Роуни вглядывался в каждое лицо: не похож ли кто на его брата? Он обращал особенное внимание на людей с бородами на случай, если Роуэн нарисовал или наклеил себе фальшивую бороду, чтобы за ней прятаться. Он рассматривал команды барж на случай, если Роуэн записался на корабль, чтобы сбежать из Зомбея и от капитана стражи. Роуни задумался, сможет ли его брат действительно уплыть без него. Он прогнал от себя эту мысль.
На дальнем краю мола выше по течению, прямо под мостом Скрипачей был привязан простой плот. На нем покачивался гоблинский фургон.
Клок стоял перед фургоном, все еще в полумаске, со сложенными на груди руками. Гоблин смотрел сверху вниз на тощего и потрепанного мужчину с рыболовным амулетом на шее. Мужчина кричал, и вокруг ссорящихся уже собрался народ. Роуни проскользнул в самую их гущу.
— Это мой мол! — хрипло орал мужчина. — Я даю свое представление здесь!
Клок поднял бровь достаточно высоко, чтобы она вылезла из-под маски (у которой были собственные брови):
— Представление?
— Да, представление! — сказал мужчина, указывая на Клока пальцем, будто собираясь свалить его им с ног. — Толковое представление без всяких масок! Я могу проглотить рыбу за четыре пенни, а за пять я проглочу любое другое живое существо. Ты так можешь, гоблин? Спорим, тебе не удастся.
У мужчины в руках было ведро, в котором ползали разные живые существа. Клок сунул туда руку, зачерпнул горсть и показал толпе краба на один укус, улитку и извивающегося червяка. Он подкинул в воздух краба, потом улитку, потом червяка. Он принялся ими жонглировать. Потом он добавил два метательных ножа, и их лезвия блестели на солнце. Он поймал ртом краба, улитку и рыбу и проглотил их, одновременно поймав по ножу в каждую руку.
Толпа засвистела. Роуни захлопал. Потрепанный мужчина яростно шагнул вперед, но наткнулся взглядом на ножи, которые Клок непринужденно держал в руках. Он попятился назад, схватил ведро и припустил прочь.
Клок поклонился. За его спиной мягко опустилась и стала сценой стена вагона. Он сделал заднее сальто, приземлился на платформу и снова принялся жонглировать, пока к нему присоединялись другие гоблины. Семела и Эсса привели с собой своих зрителей и проскользнули в фургонную дверь за кулисы.
Роуни думал, куда лучше пойти, когда пришел Томас и встал за его спиной. Старый гоблин держался так, что его почти невозможно было заметить, даже в маске, даже с огромной черной шляпой на голове.
— Ты снял маску, — сказал он лишенным выражения голосом. — И ты не посчитал нужным привести с собой зрителей.
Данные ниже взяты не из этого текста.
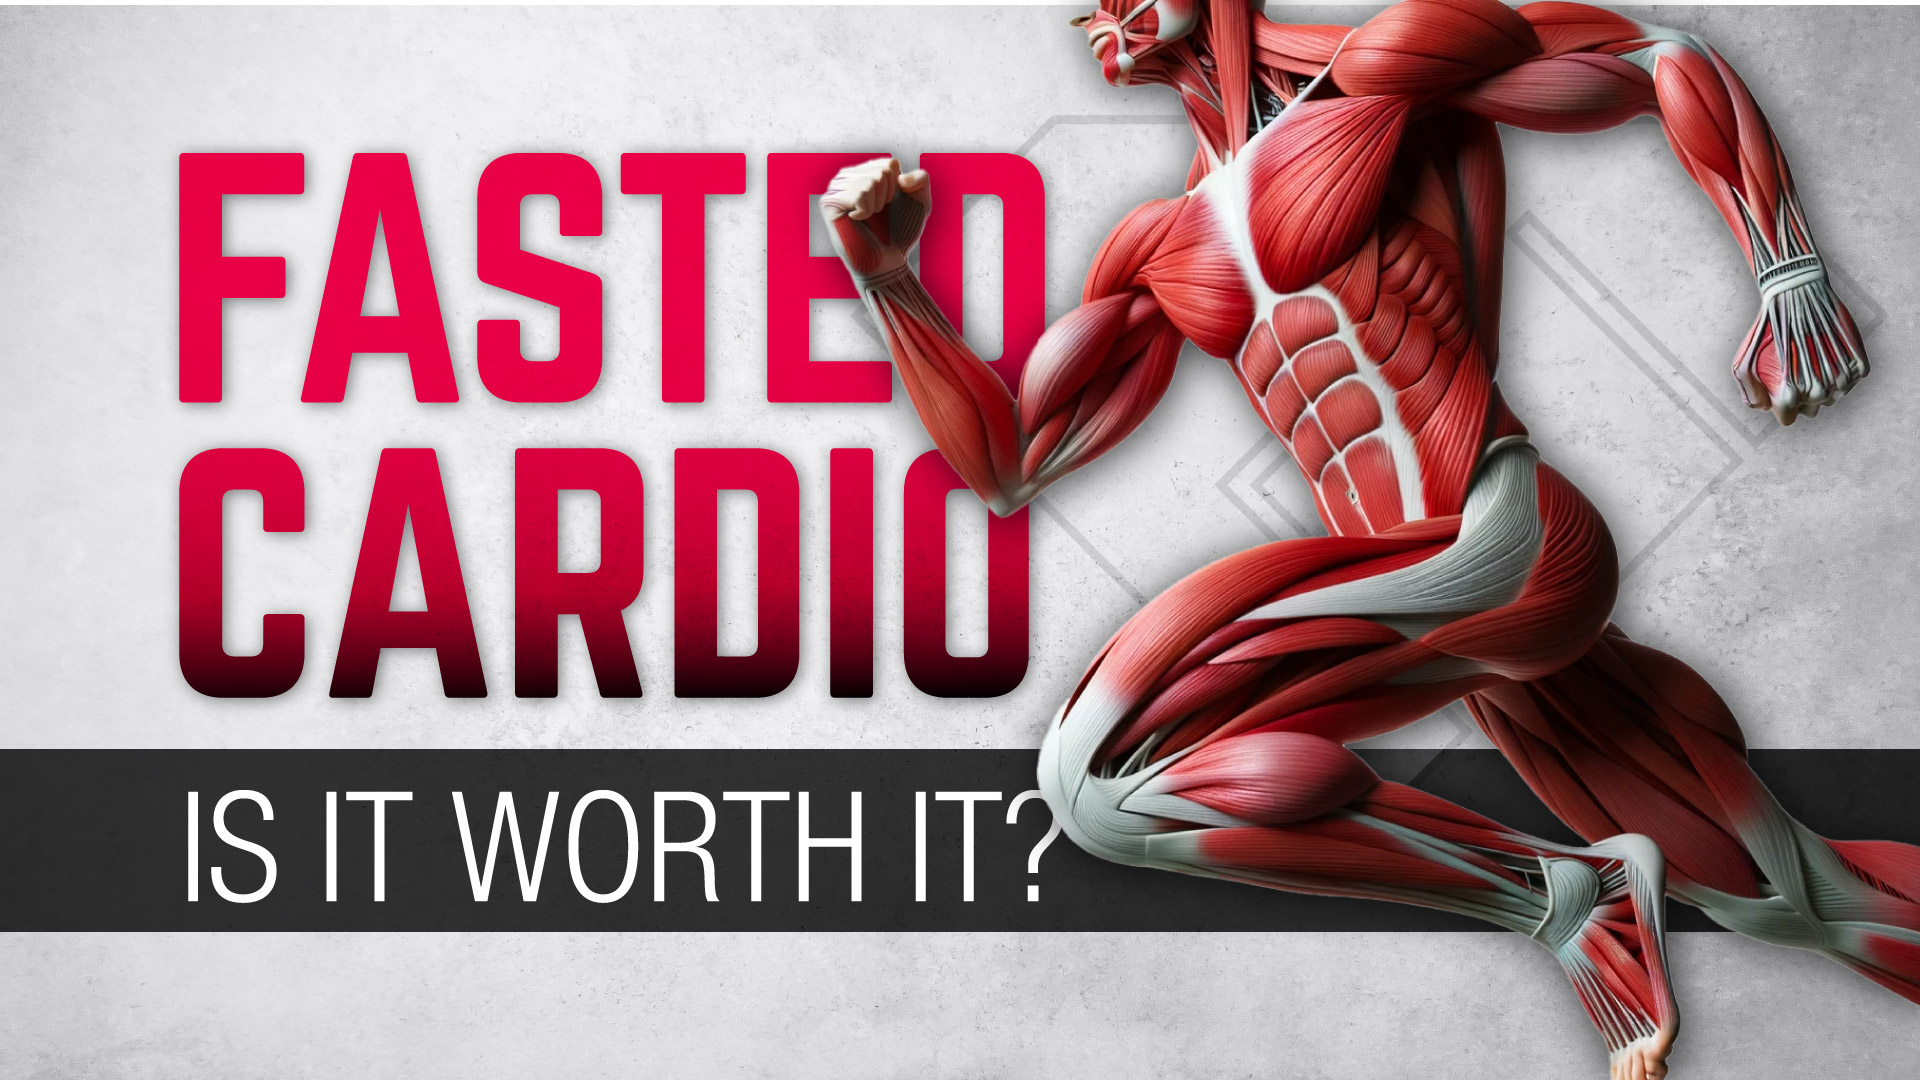 Featured image for “Fasted cardio for fat loss and muscle gain – Is it worth it?”

— Я едва не привел с собой болвашек, — прошептал в ответ Роуни. Томас непонимающе на него взглянул. — Детей, живущих с Башкой, — объяснил Роуни. — Возможно, она их послала.
Томас издал низкий горловой звук:
— Прекрасно, — сказал он, хотя явно не думал, что это прекрасно. — Скажи об этом Семеле, как только доберешься за кулисы, что тебе придется делать очень осторожно. Зайти за эти ящики, надень маску — ведь ты ее не потерял? — и проскользни под сцену. Стукни трижды в пол фургона, и Нонни тебя впустит. В течение представления ты будешь помогать ей за кулисами.
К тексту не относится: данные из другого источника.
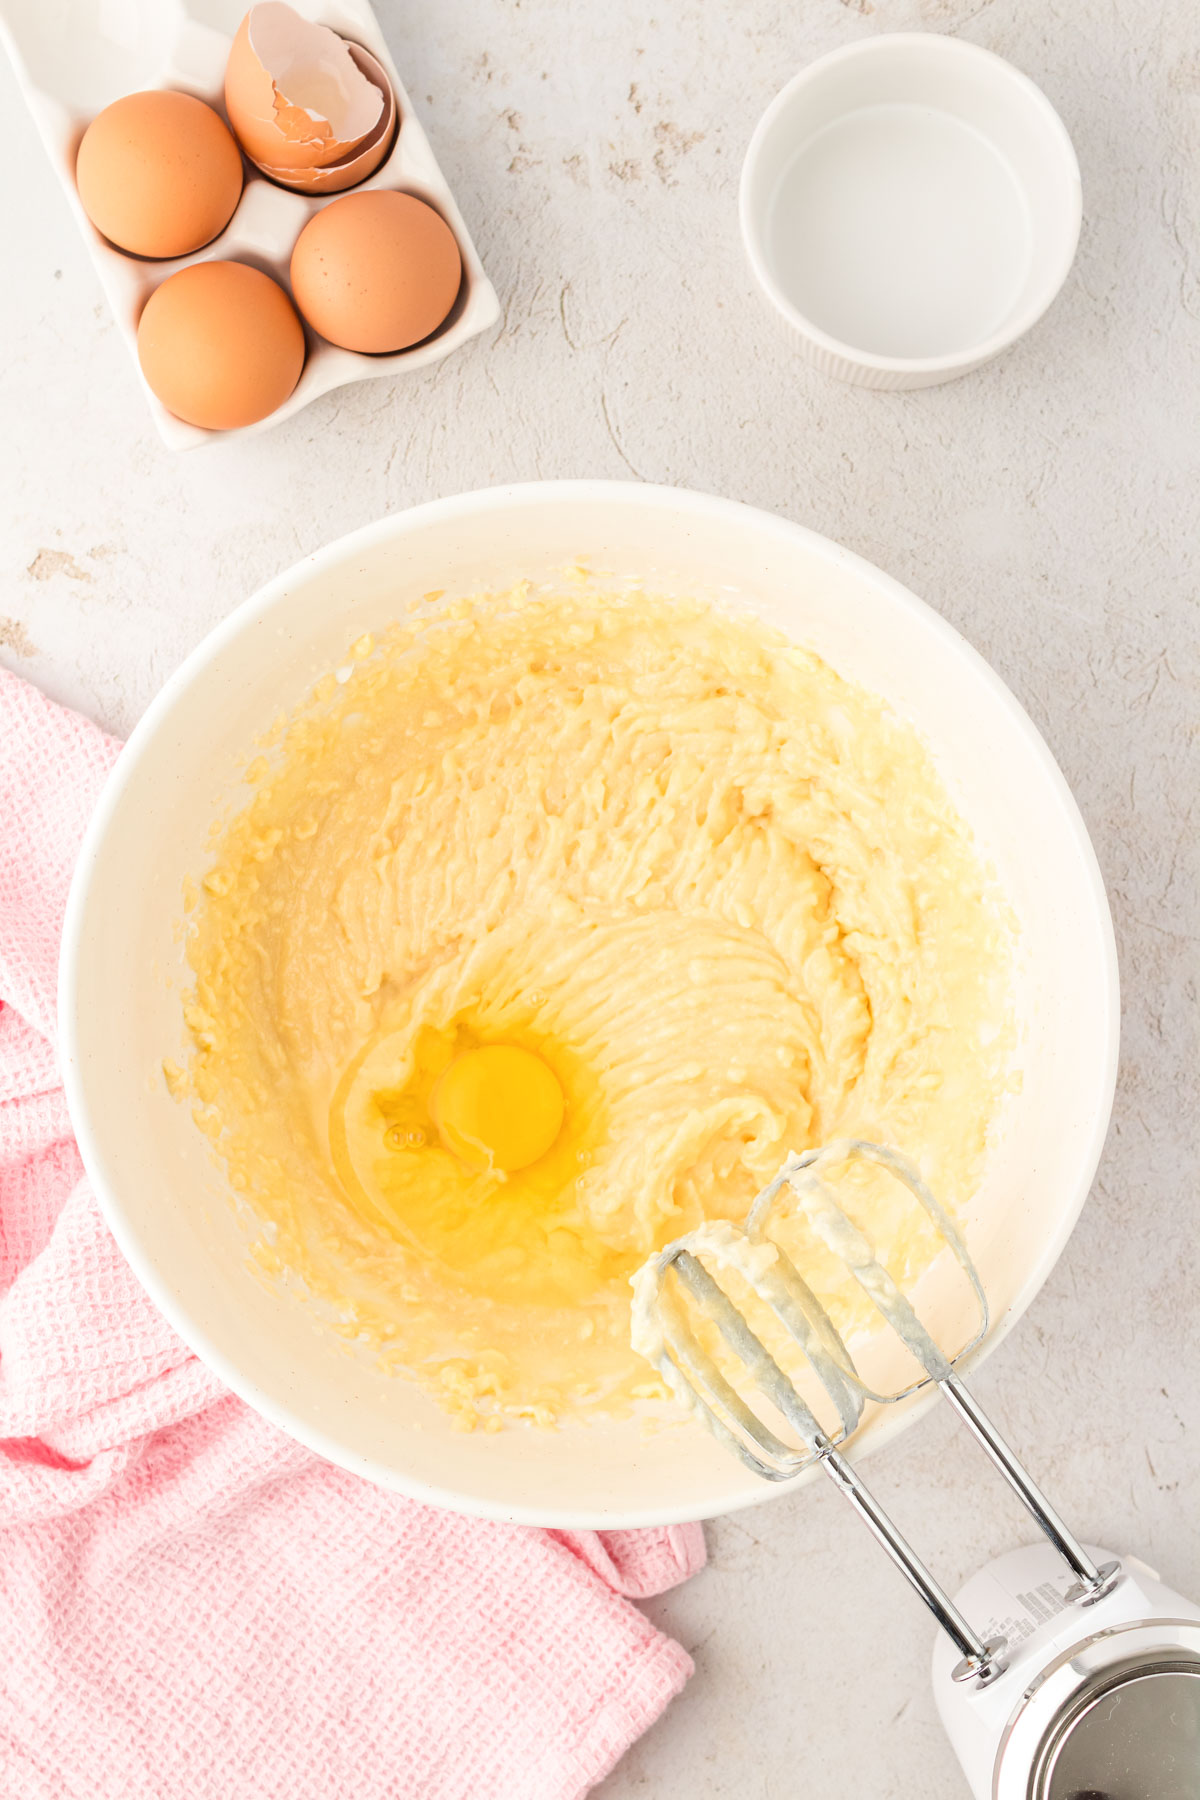 Egg being added to yellow cake mix.

Это не могло не разочаровать.
— Я не буду участвовать в постановке? — спросил Роуни.
— Ты совершенно точно будешь в ней участвовать, — сказал Томас, поправляя шляпу. — Только в той ее части, которая происходит за сценой. Не то чтобы у тебя было время и возможность выучить слова или хотя бы научиться читать. Твое ученичество только началось.
— Я умею читать, — спокойно сказал Роуни.
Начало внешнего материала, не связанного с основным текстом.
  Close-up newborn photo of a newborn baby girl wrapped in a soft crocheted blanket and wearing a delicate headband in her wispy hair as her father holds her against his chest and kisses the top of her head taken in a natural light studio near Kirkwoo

— Не волнуйся, — сказал Томас. — Я понимаю, что грамотой владеют далеко не все…
— Я умею читать, — снова сказал Роуни.
— …И мы не можем ожидать, что ты один из них.
— Я умею читать! — крикнул Роуни.
Высокая морячка с несколькими косичками ущипнула Роуни за руку:
— Заткнись и смотри представление, — сказала она. — Гоблины жонглируют огнем.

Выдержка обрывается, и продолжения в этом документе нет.